Recently, a teacher came to me very upset over the Reading Gate test. She teaches a lower grade and has a student that, in her opinion, is "middle-of-the-road" academically. But computer assessments used to track student "achievement" show the student could very well fail the Reading Gate. Even though this teacher believes the student has met the reading skills needed to move on to third grade, she questions whether to recommend holding this student back due to fear of the student failing the Reading Gate. This teacher, a very dedicated professional and former Teacher of the Year, is now beginning to doubt her ability because the computer assessment doesn't match what she sees.
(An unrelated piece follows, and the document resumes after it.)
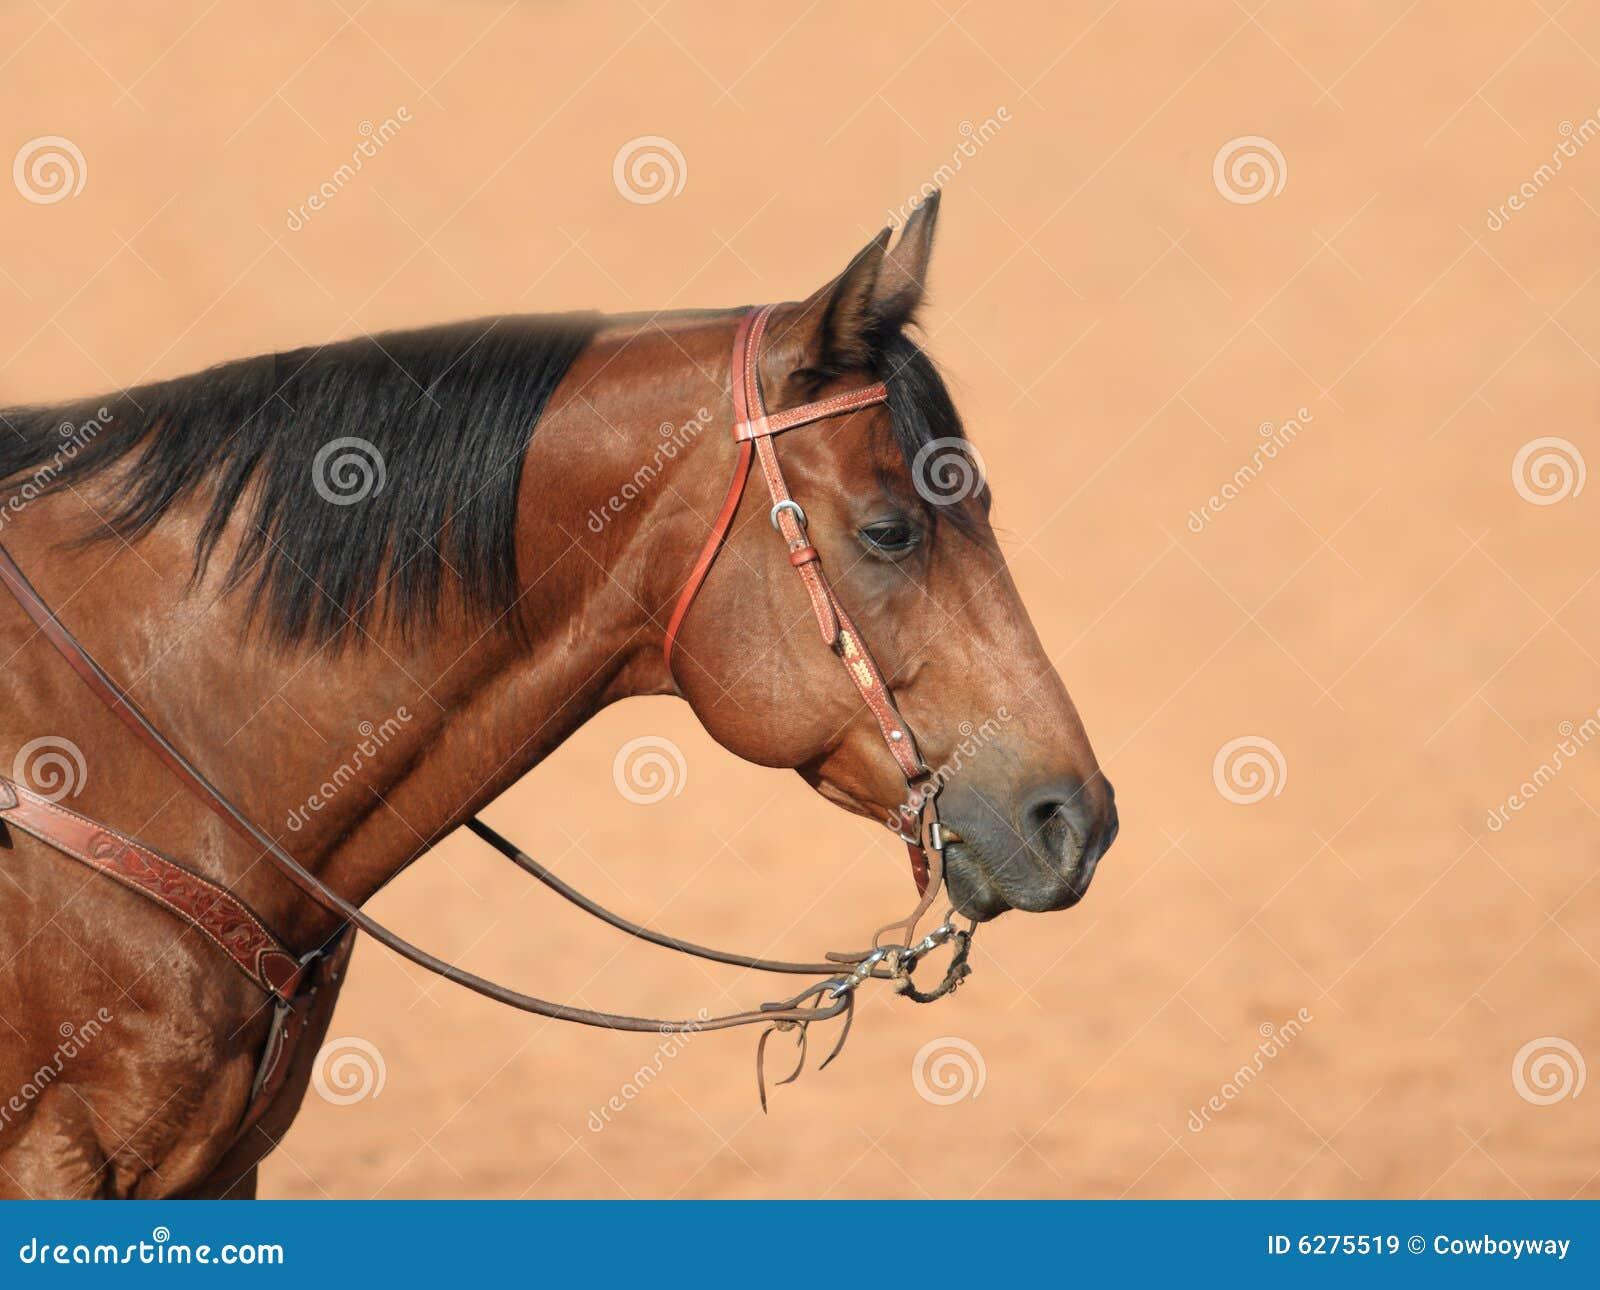 Quarter Horse C...

This is where we are in public education. Education policy has taken the professional judgment away from teachers and handed it over to corporations that make millions of dollars on making these tests, to state politicians who know nothing about education but look to use our schools to further their political careers, and to education bureaucrats—who have been so long removed from the classroom that they no longer understand what teachers face—that preach "data, data, data." High-stakes assessments and accountability systems have reduced students to little more than a score on a test and teachers to basically robots in a factory. This is wrong. There is so much more to learning than a Reading Gate score, or a proficiency level, or an ACT result. Students learn much more than is measured on a Subject Area Test, or a multiple-choice test, or a standardized writing assessment that is graded thousands of miles away by a scorer whose main qualification was being hired off a Craigslist advertisement. Schools are doing away with art and music, cutting back on recess and "non-academic" times, because of the pressure to score well on these tests. On the federal and state levels, the mantra has seemingly become, "If it isn't tested, it isn't important."

In all my years as an educator, I've had plenty of former students thank me for pushing them to do their best in my class. I've spoken to parents of former students who have regaled me with pride on what their children have become since graduating high school. We've spoken at length on the memories made while the student was in school, the ups and downs, what mattered then and what matters now.
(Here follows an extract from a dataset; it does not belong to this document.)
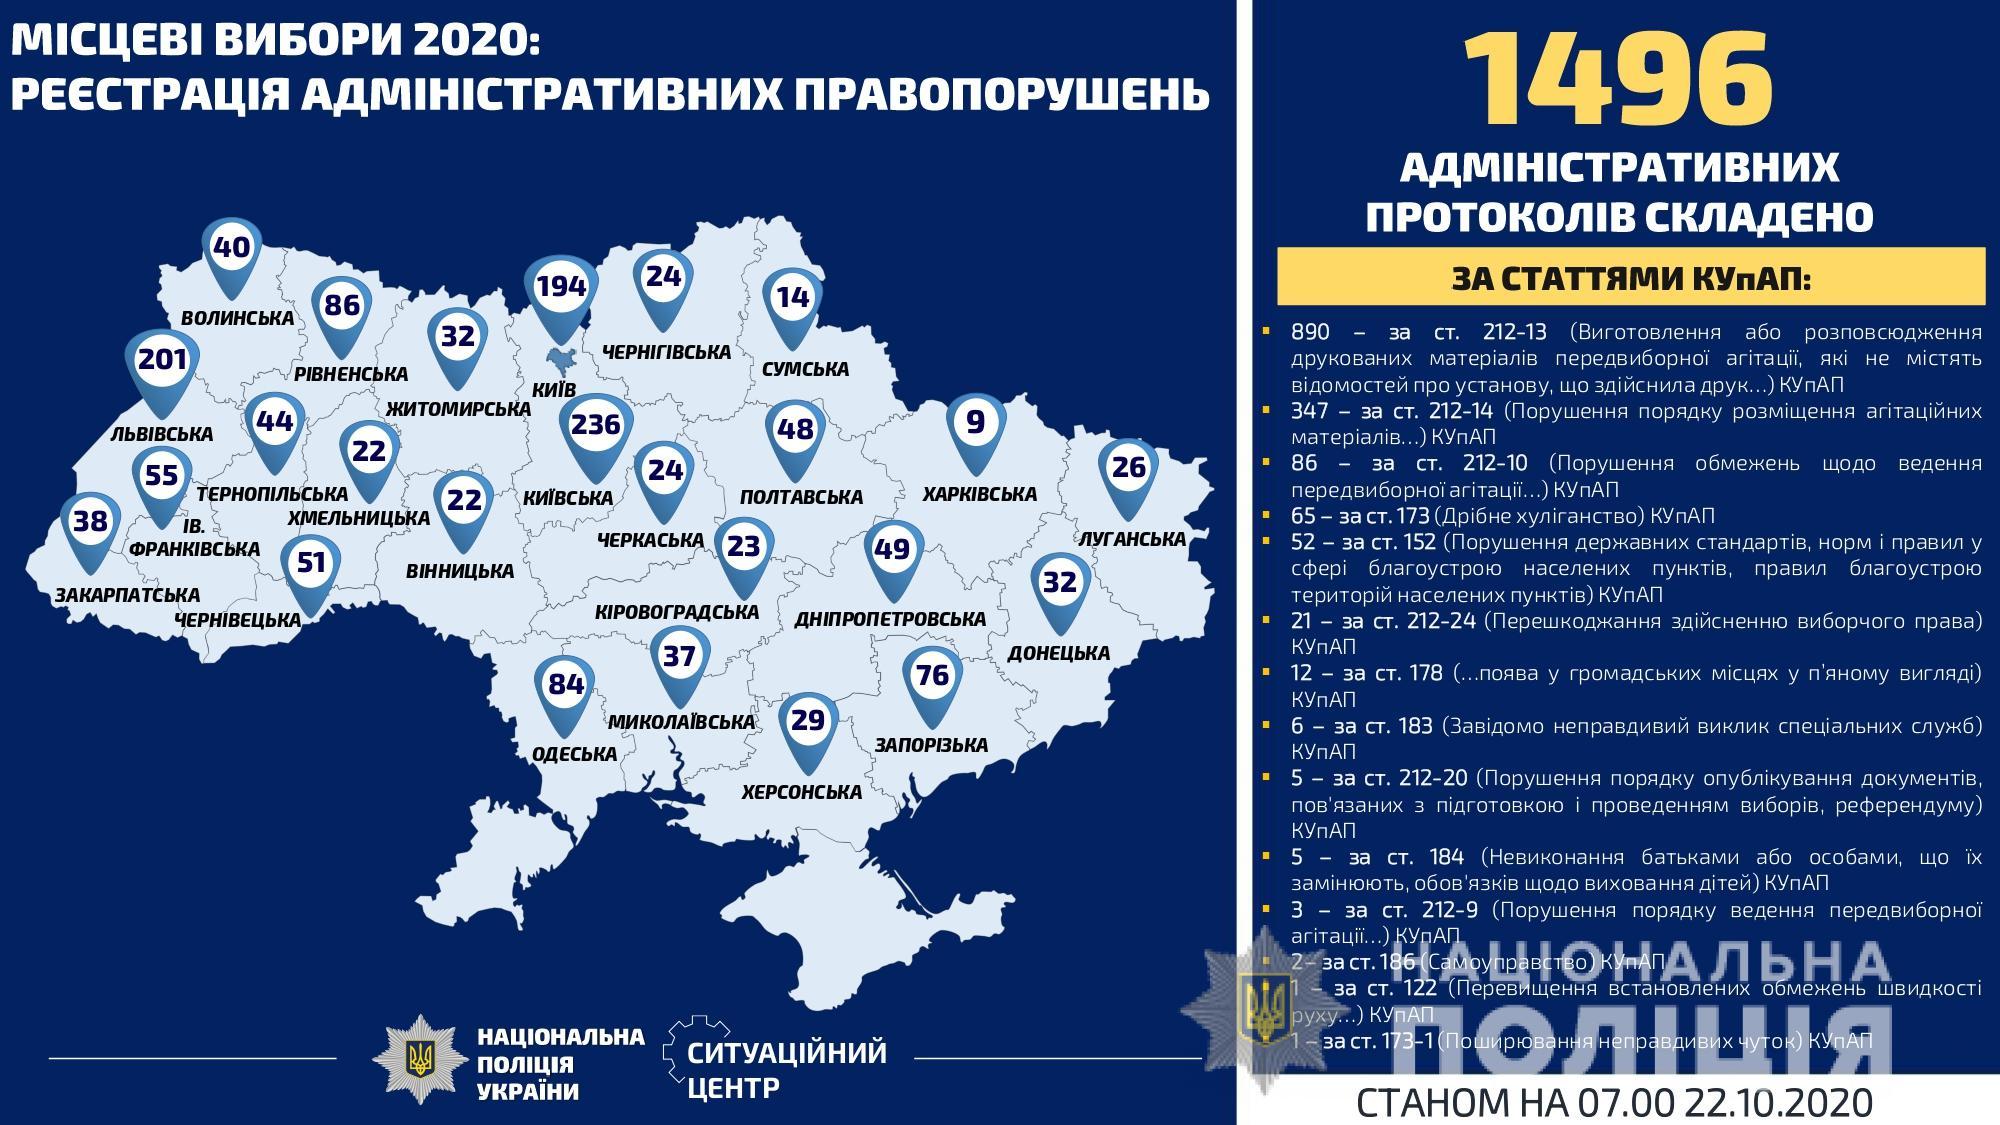 За добу на Київщині – 35 сигналів про порушення виборчого законодавства - місцеві вибори 2020, вибори - Politsiya VYB2

I've yet to have any of them talk about their scores on a standardized test.

So over the next few weeks, as students take the Reading Gate, or the MAP, or the SATP, or the ACT, or any other standardized test, please take time to say a little prayer: for the students to do their best, for the teachers who worked hard all year to prepare them and for this madness to one day end.

Shannon Eubanks is the principal of the Enterprise Attendance Center in Brookhaven. Opinions stated here are his own.